A satisfying degree of promise has already been made in Adélie. The difficulties of recording a group kinetic performance in a stormy ocean as thick as pea soup with plankton at a temperature of 31° Fahrenheit are considerable; but the perseverance of the Ross Ice Barrier Literary Circle has been fully rewarded with such passages as “Under the Iceberg,” from the Autumn Song—a passage now world famous in the rendition by Anna Serebryakova of the Leningrad Ballet. No verbal rendering can approach the felicity of Miss Serebryakova’s version. For, quite simply, there is no way to reproduce in writing the all-important multiplicity of the original text, so beautifully rendered by the full chorus of the Leningrad Ballet company. Indeed, what we call “translations” from the Adélie—or from any group kinetic text— are, to put it bluntly, mere notes—libretto without the opera. The ballet version is the true translation. Nothing in words can be complete. I therefore suggest, though the suggestion may well be greeted with frowns of anger or with hoots of laughter, that for the therolinguist—as opposed to the artist and the amateur—the kinetic sea writings of Penguin are the least promising field of study: and, further, that Adélie, for all its charm and relative simplicity, is a less promising field of study than is Emperor. Emperor!—I anticipate my colleagues’ response to this suggestion. Emperor! The most difficult, the most remote, of all the dialects of Penguin! The language of which Professor Duby himself remarked, “The literature of the emperor penguin is as forbidding, as inaccessible, as the frozen heart of Antarctica itself. Its beauties may be unearthly, but they are not for us.” Maybe. I do not underestimate the difficulties: not least of which is the imperial temperament, so much more reserved and 15


aloof than that of any of penguin. But, paradoxically, it is just in this reserve that I place my hope. The emperor is not a solitary, but a social bird, and while on land for the breeding season dwells in colonies, as does the Adélie; but these colonies are very much smaller and very much quieter than those of the Adélie. The bonds between the members of an emperor colony are rather personal than social. The emperor is an individualist. Therefore I think it almost certain that the literature of the emperor will prove to be composed by single authors, instead of chorally; and therefore it will be translatable into human speech. It will be a kinetic literature, but how different from the spatially extensive, rapid, multiplex choruses of sea writing! Close analysis, and genuine transcription, will at last be possible. What! say my critics—Should we pack up and go to Cape Crozier, to the dark, to the blizzards, to the -60° cold, in the mere hope of recording the problematic poetry of a few strange birds who sit there, in the mid-winter dark, in the blizzards, in the -60° cold, on the eternal ice, with an egg on their feet.

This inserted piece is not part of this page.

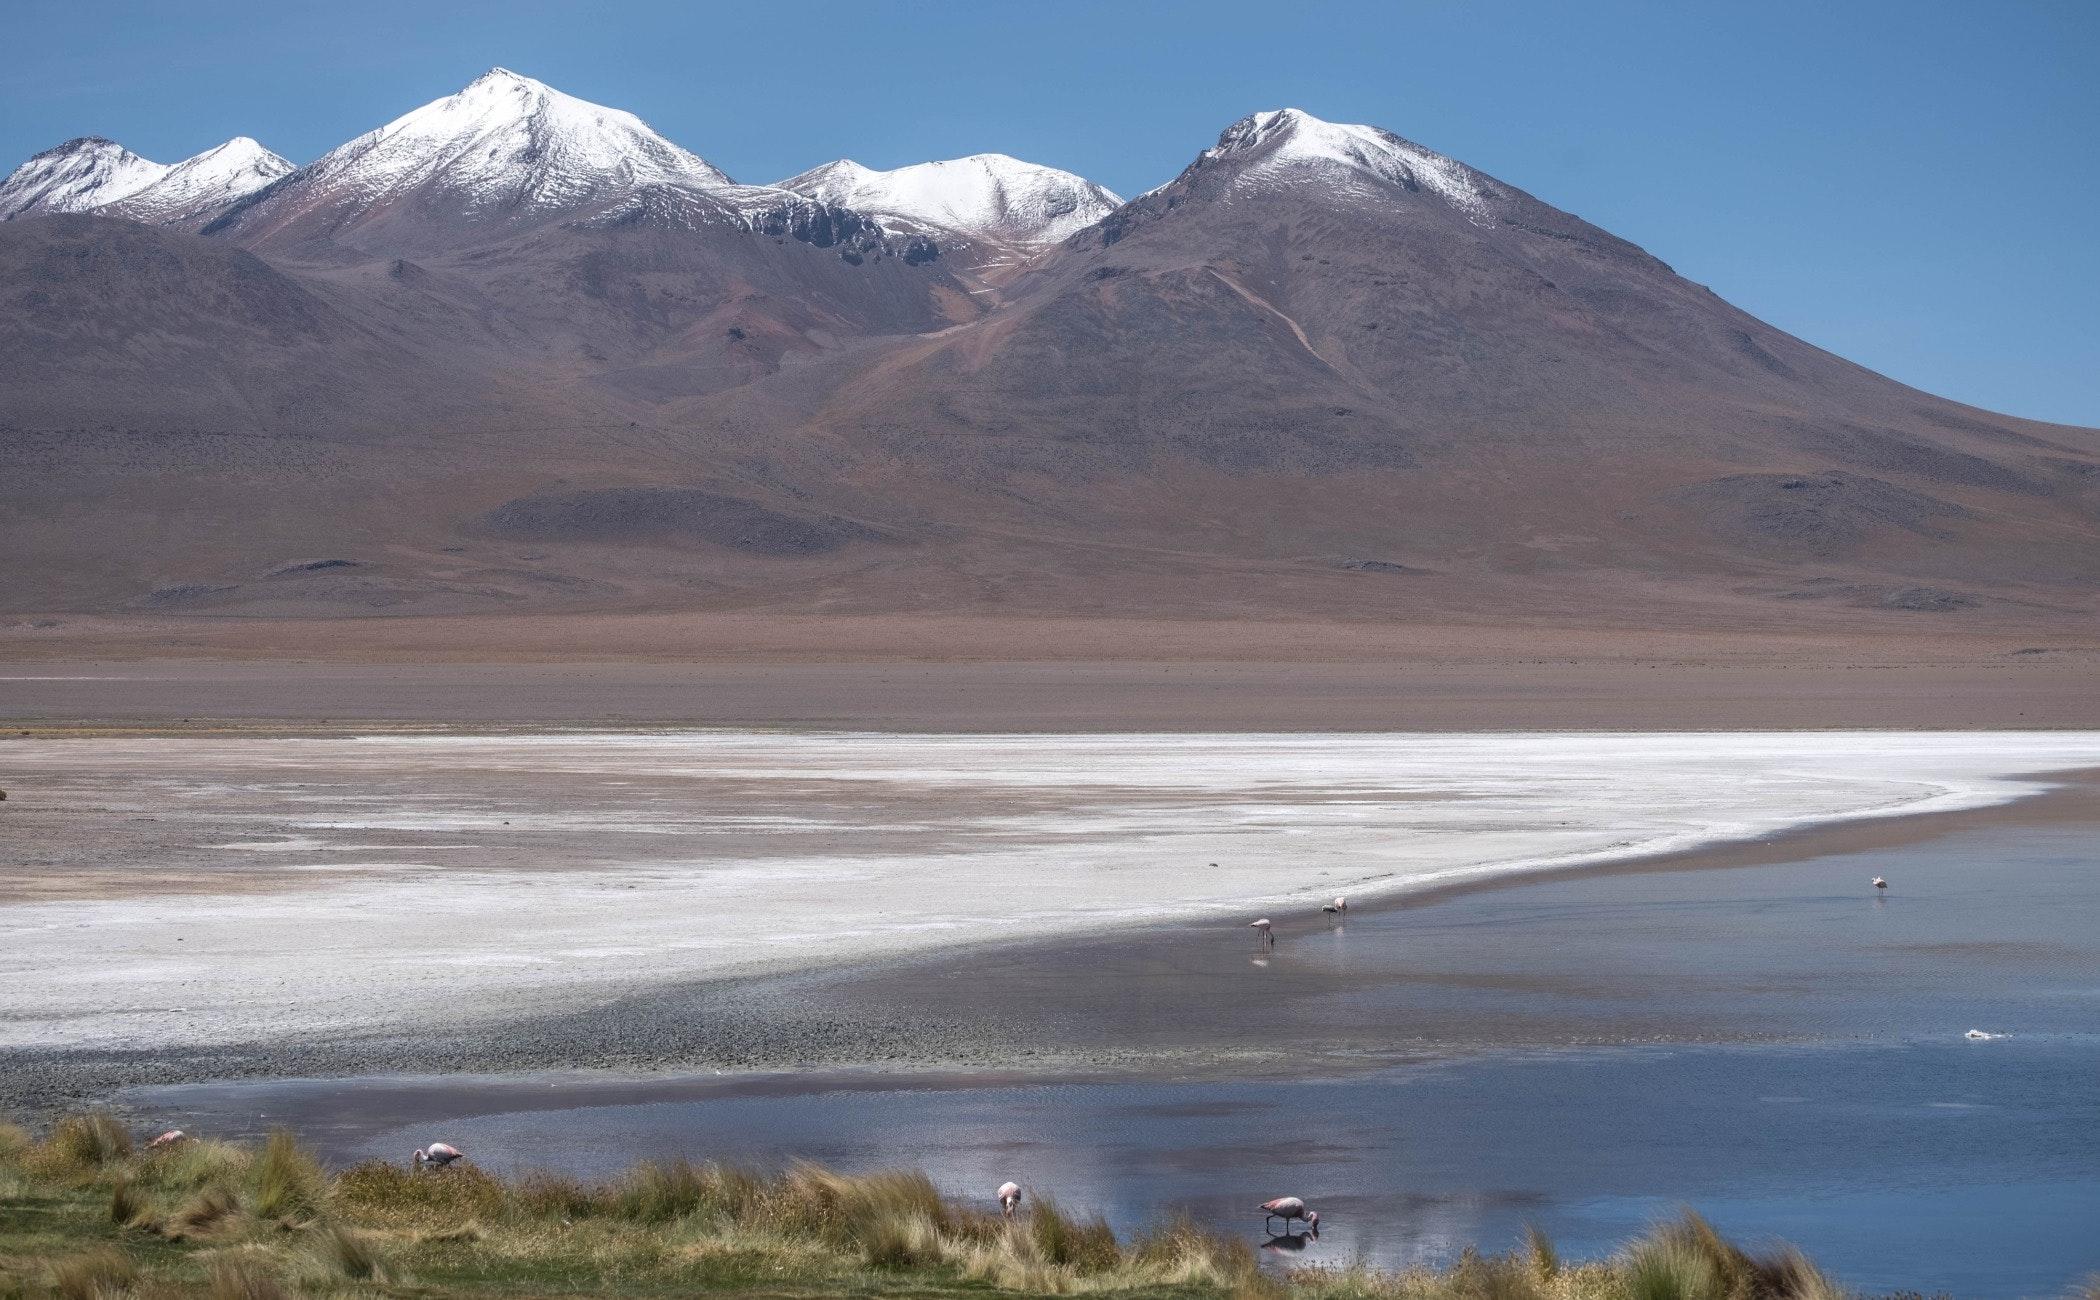 nature,mountain range,outdoors,mountain,water,promontory

And my reply is, Yes. For, like Professor Duby, my instinct tells me that the beauty of that poetry is an unearthly as anything we shall ever find on earth. To those of my colleagues in whom the spirit of scientific curiosity and aesthetic risk is strong, I say, Imagine it: the ice, the scouring snow, the darkness, the ceaseless whine and scream of the wind. In that black desolation a little band of poets crouches. They are starving; they will not eat for weeks. On the feet of each one, under the warm belly feathers, rests one large egg, thus preserved from the mortal touch of the ice. The poets cannot hear each other; they cannot see each other. They can only feel the other’s warmth. That is their poetry, that is their art. Like all kinetic literatures, 16

it is silent; unlike other kinetic literatures, it is all but immobile, ineffably subtle. The ruffling of a feather; the shifting of a wing; the touch, the faint, warm touch of the one beside you. In unutterable, miserable, black solitude, the affirmation. In absence, presence. In death, life. I have obtained a sizable grant from UNESCO and have stocked an expedition. There are still four places open. We leave for Antarctica on Thursday. If anyone wants to come along, welcome! —D. Petri Editorial. By the President of the Therolinguistics Association What is Language? This question, central to the science of therolinguistics, has been answered— heuristically—by the very existence of the science. Language is communication. That is the axiom on which all our theory and research rest, and from which all our discoveries derive; and the success of the discoveries testifies to the validity of the axiom. But to the related, yet not identical question, What is Art? we have not yet given a satisfactory answer. Tolstoy, in the book whose title is that very question, answered it firmly and clearly: Art, too, is communication. This answer has, I believe, been accepted without examination or criticism by therolinguists. For example: Why do therolinguists study only animals? Why, because plants do not communicate. Plants do not communicate; that is a fact. Therefore plants have no language; very well; that follows from our basic axiom. But stay! That does not follow from the basic axiom, but only from the unexamined Tolstoyan corollary. What if art is not communicative? Or, what if some art is communicative, and some art is not?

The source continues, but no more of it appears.